In order to further prove the superiority of the performance 2 of the method 3 proposed by the step 8, corresponding comparison experiments are carried out, and the results are shown in a table 3, wherein the first expression only applies a fused image branch network, a fused image feature graph is adjusted by the fused image feature graph, the second expression adds a disparity map branch network on the basis of the first expression, but the disparity map feature does not participate in guidance of the fused network feature graph and is only connected with the tail end of the network, and the third expression only participates in the re-correction work of the fused image branch network feature graph and is not combined with the fused image branch network. The experimental results given in table 3 show that the stereo image quality evaluation model based on the deep learning and disparity map weighting guidance provided by the invention realizes superior performance.

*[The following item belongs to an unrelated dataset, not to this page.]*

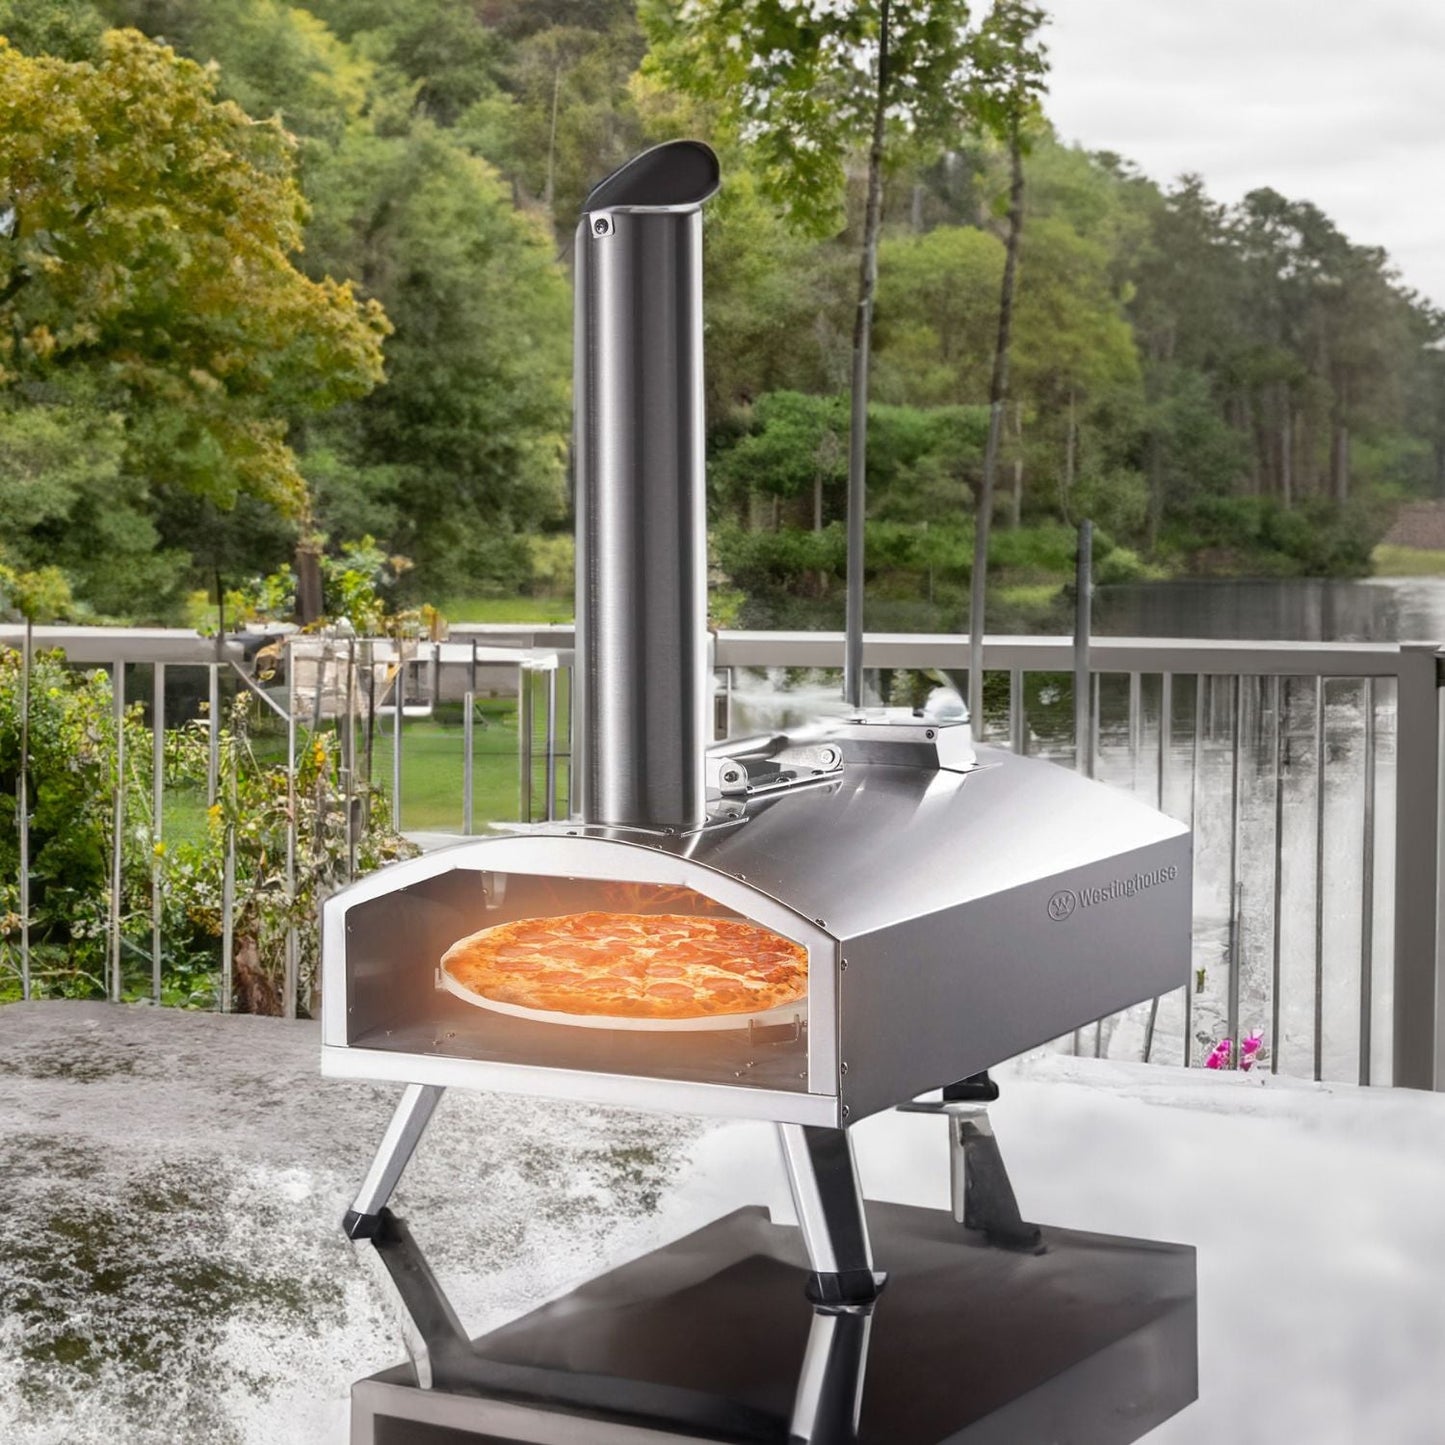 12" Dual Fuel Pizza Oven with Rotating Stone
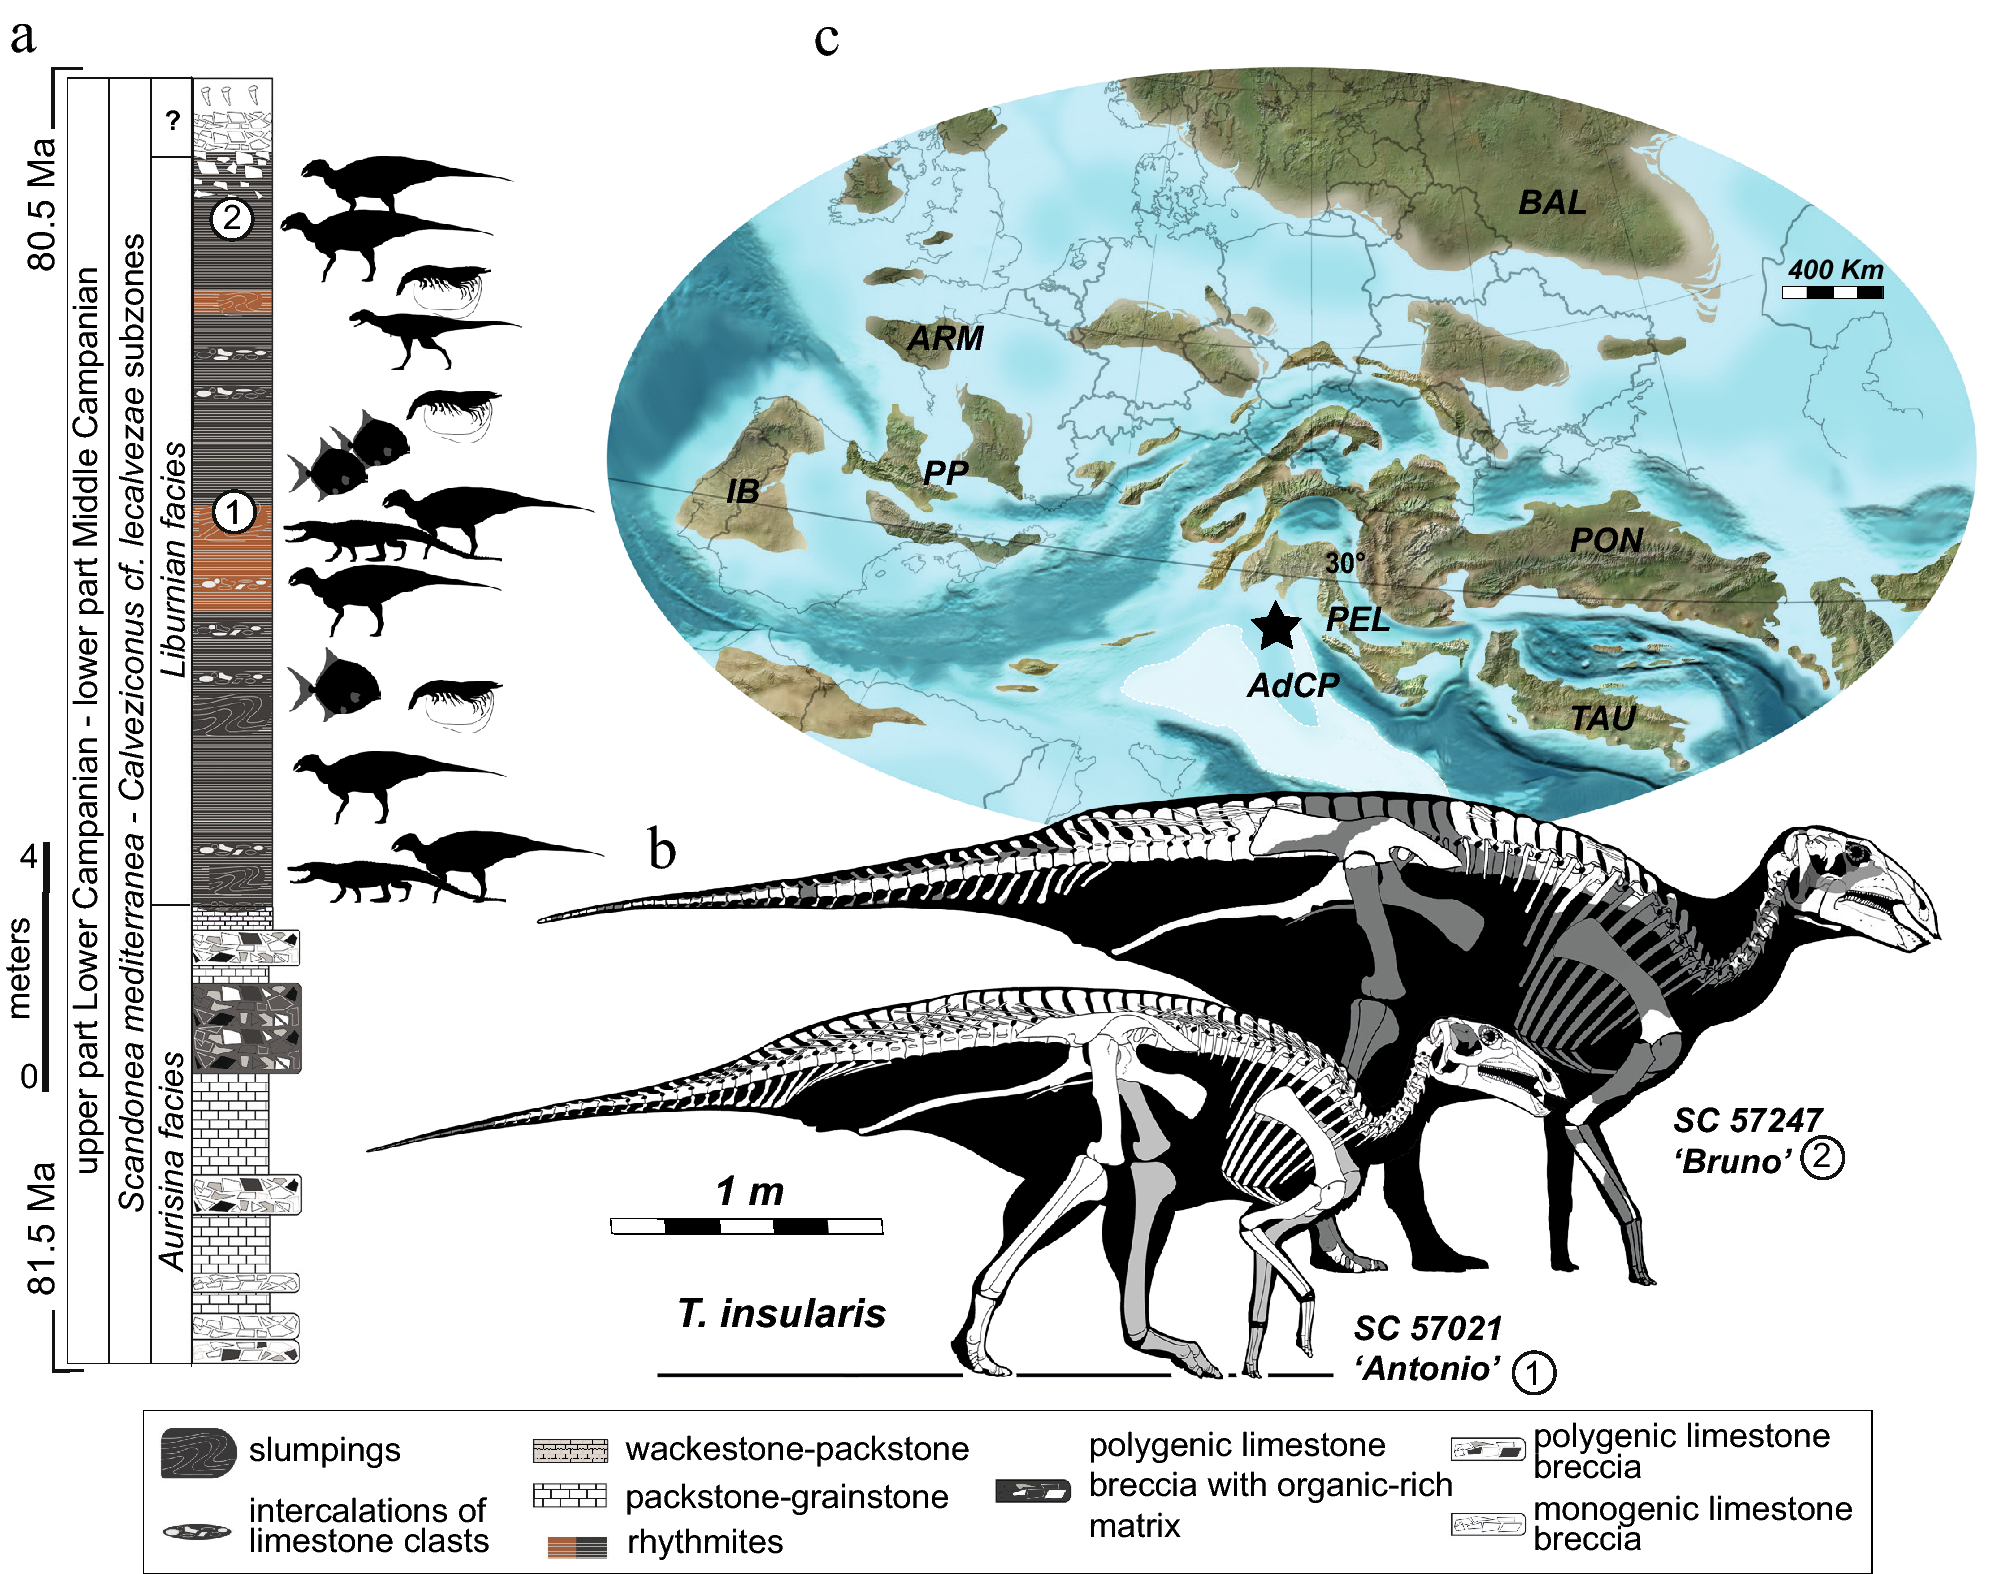 An Italian dinosaur Lagerstätte reveals the tempo and mode of  hadrosauriform body size evolution | Scientific Reports

TABLE 3 comparative experimental results

It should be noted that, for those skilled in the art, without departing from the spirit of the present invention, several variations and modifications can be made, which are within the scope of the present invention. Therefore, the protection scope of the present invention should be subject to the appended claims.

Claims

1. A stereoscopic image quality evaluation method based on deep learning and disparity map weighting guidance is characterized by comprising the following steps:

s6, connecting the characteristics finally extracted by the two branches to further finish the quality evaluation of the stereo image; wherein:

the weighted correction of the fused image feature map in the steps S3 and S5 is realized by a modified SE module; on the basis of the structure of an original SE module, the features extracted by the parallax image branches are used as an additional input of the module, the features extracted by the parallax image branches are converted into learnable weights, and the image features in the fused image branches are subjected to first-stage weighting correction by introducing the improved SE module for the first time.